#### [Dataset extract]
%%

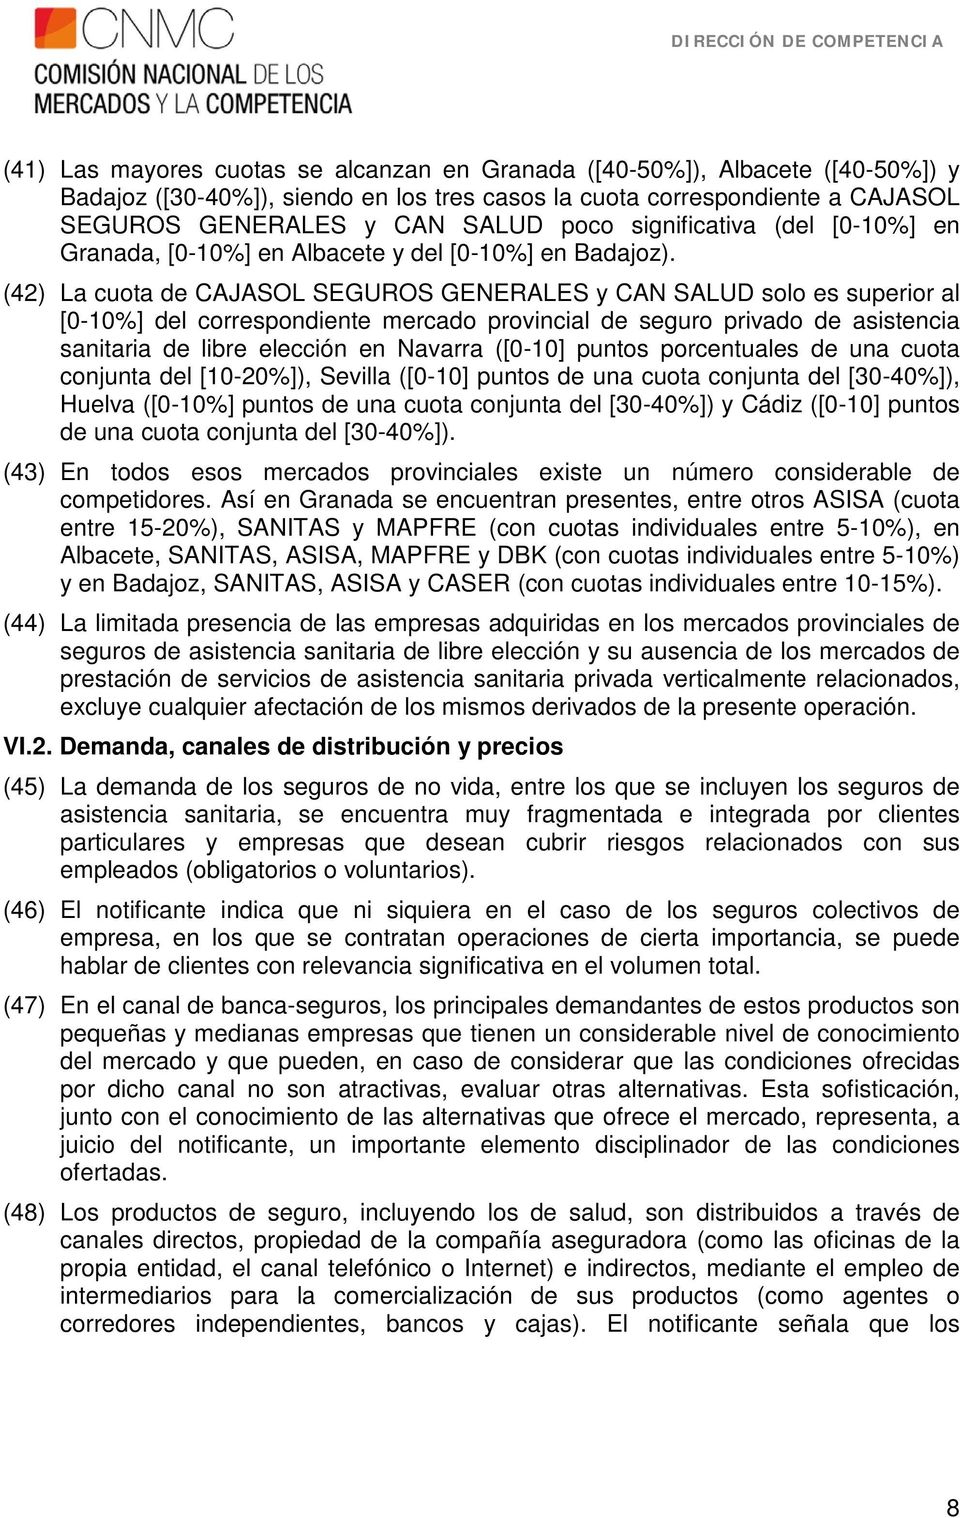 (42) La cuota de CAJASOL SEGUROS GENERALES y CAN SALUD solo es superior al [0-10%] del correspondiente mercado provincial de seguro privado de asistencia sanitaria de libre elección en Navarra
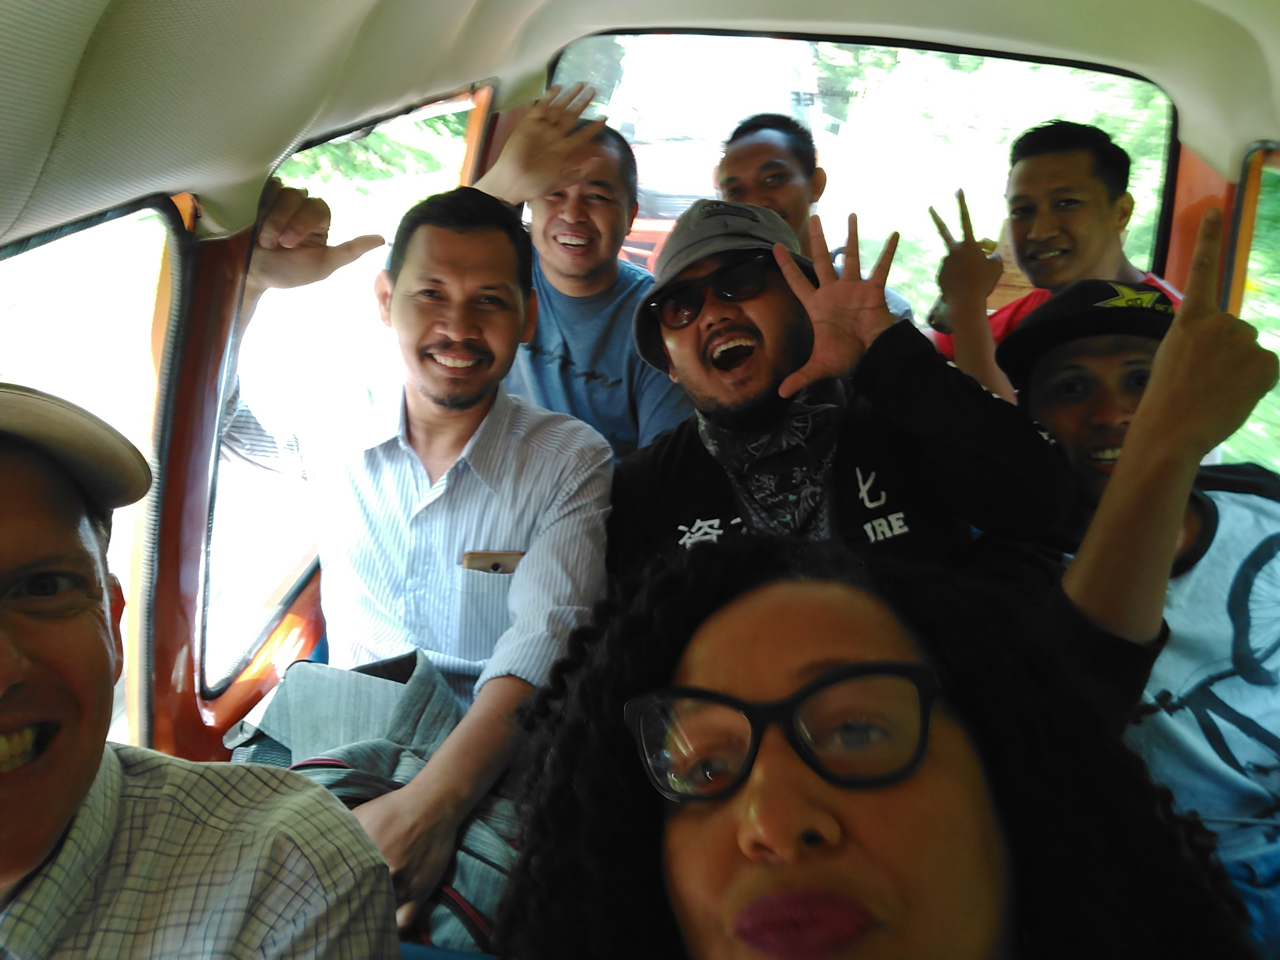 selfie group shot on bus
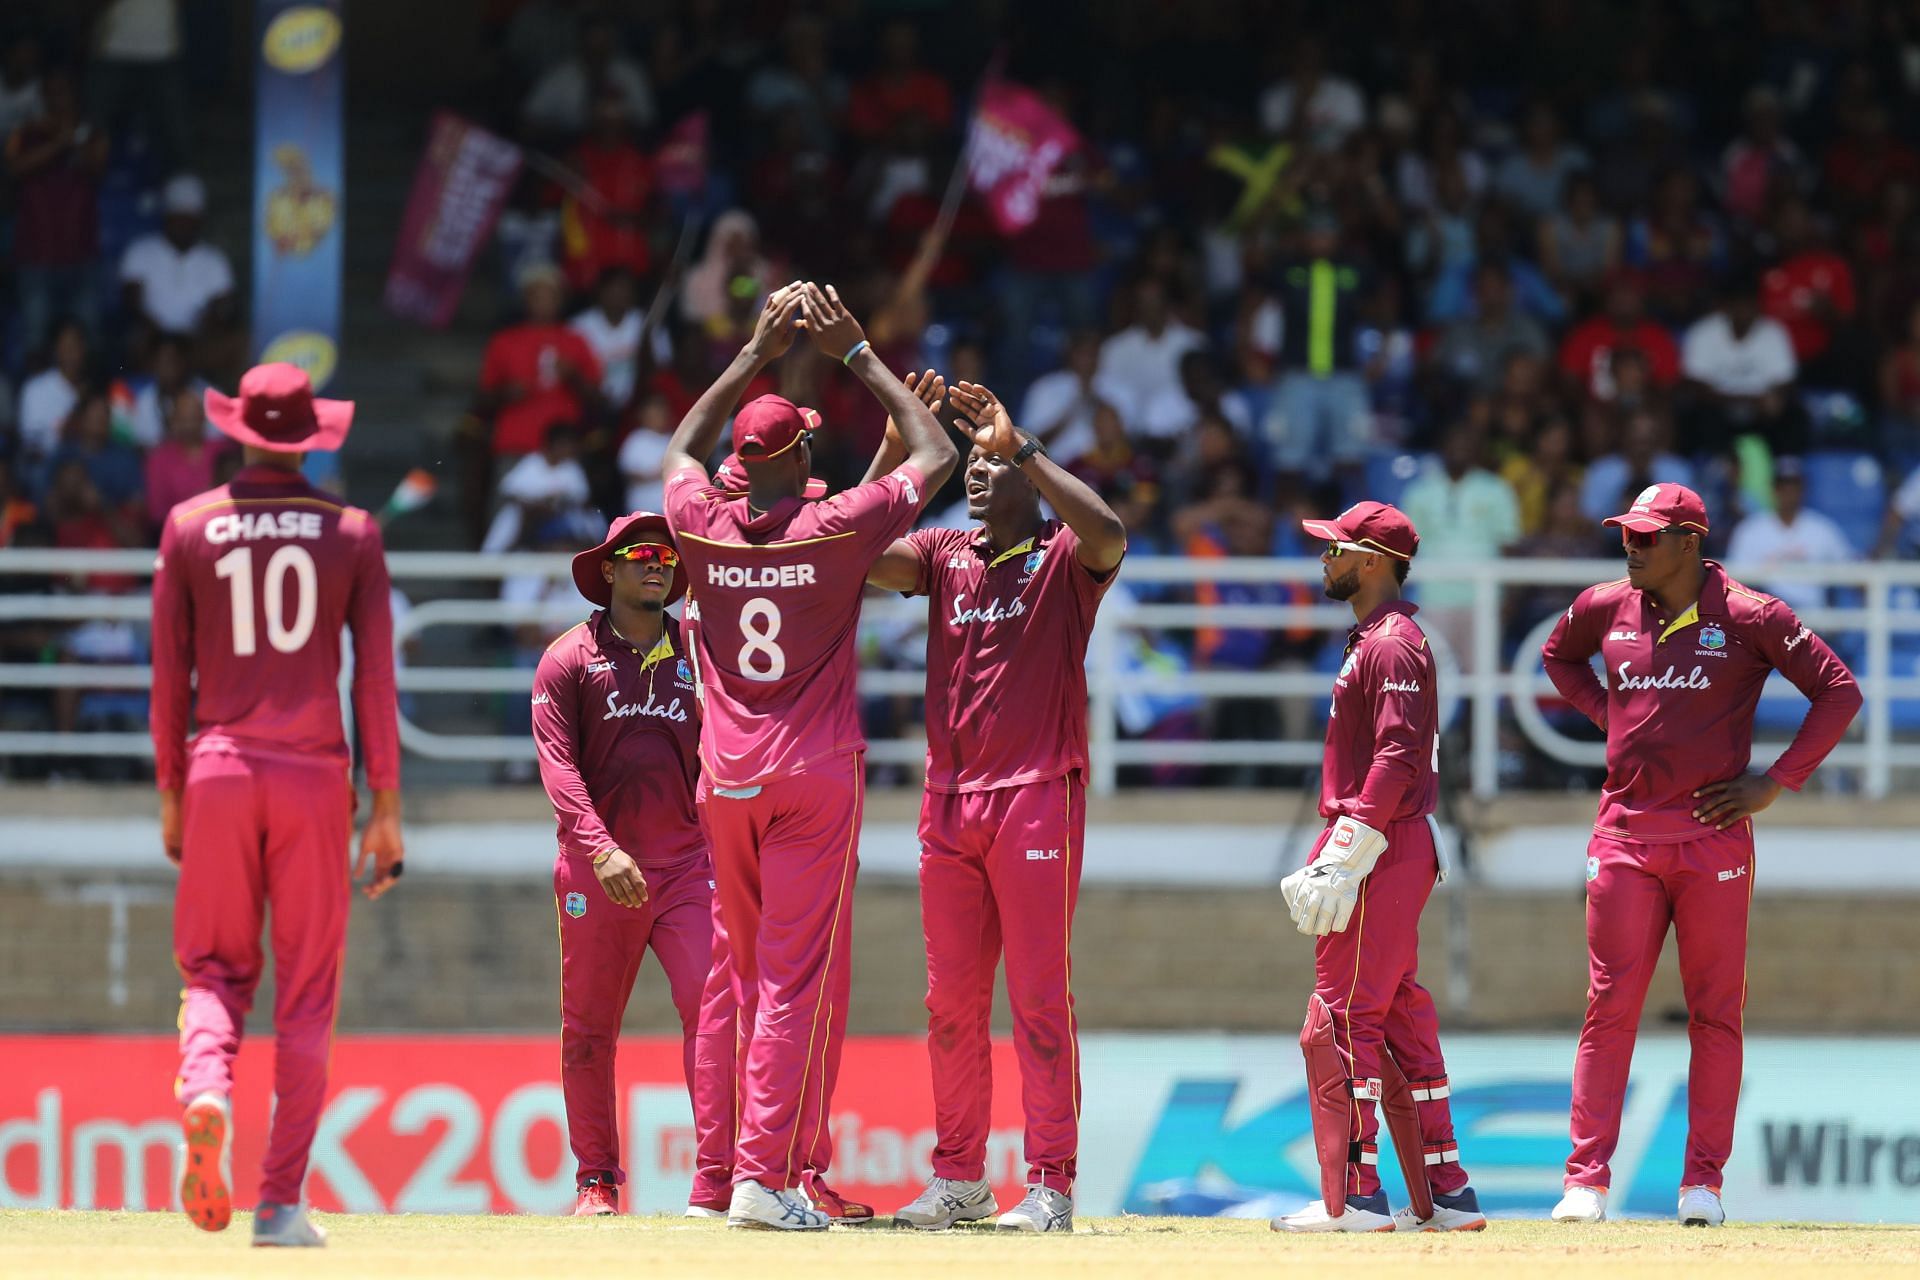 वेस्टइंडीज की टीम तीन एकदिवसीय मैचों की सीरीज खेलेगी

%%

#### [Task brief]
The output is to be the material in full and unaltered, with pictures omitted.

#### [Response area]
 (42) La cuota de CAJASOL SEGUROS GENERALES y CAN SALUD solo es superior al [0-10%] del correspondiente mercado provincial de seguro privado de asistencia sanitaria de libre elección en Navarra
 selfie group shot on bus
 वेस्टइंडीज की टीम तीन एकदिवसीय मैचों की सीरीज खेलेगी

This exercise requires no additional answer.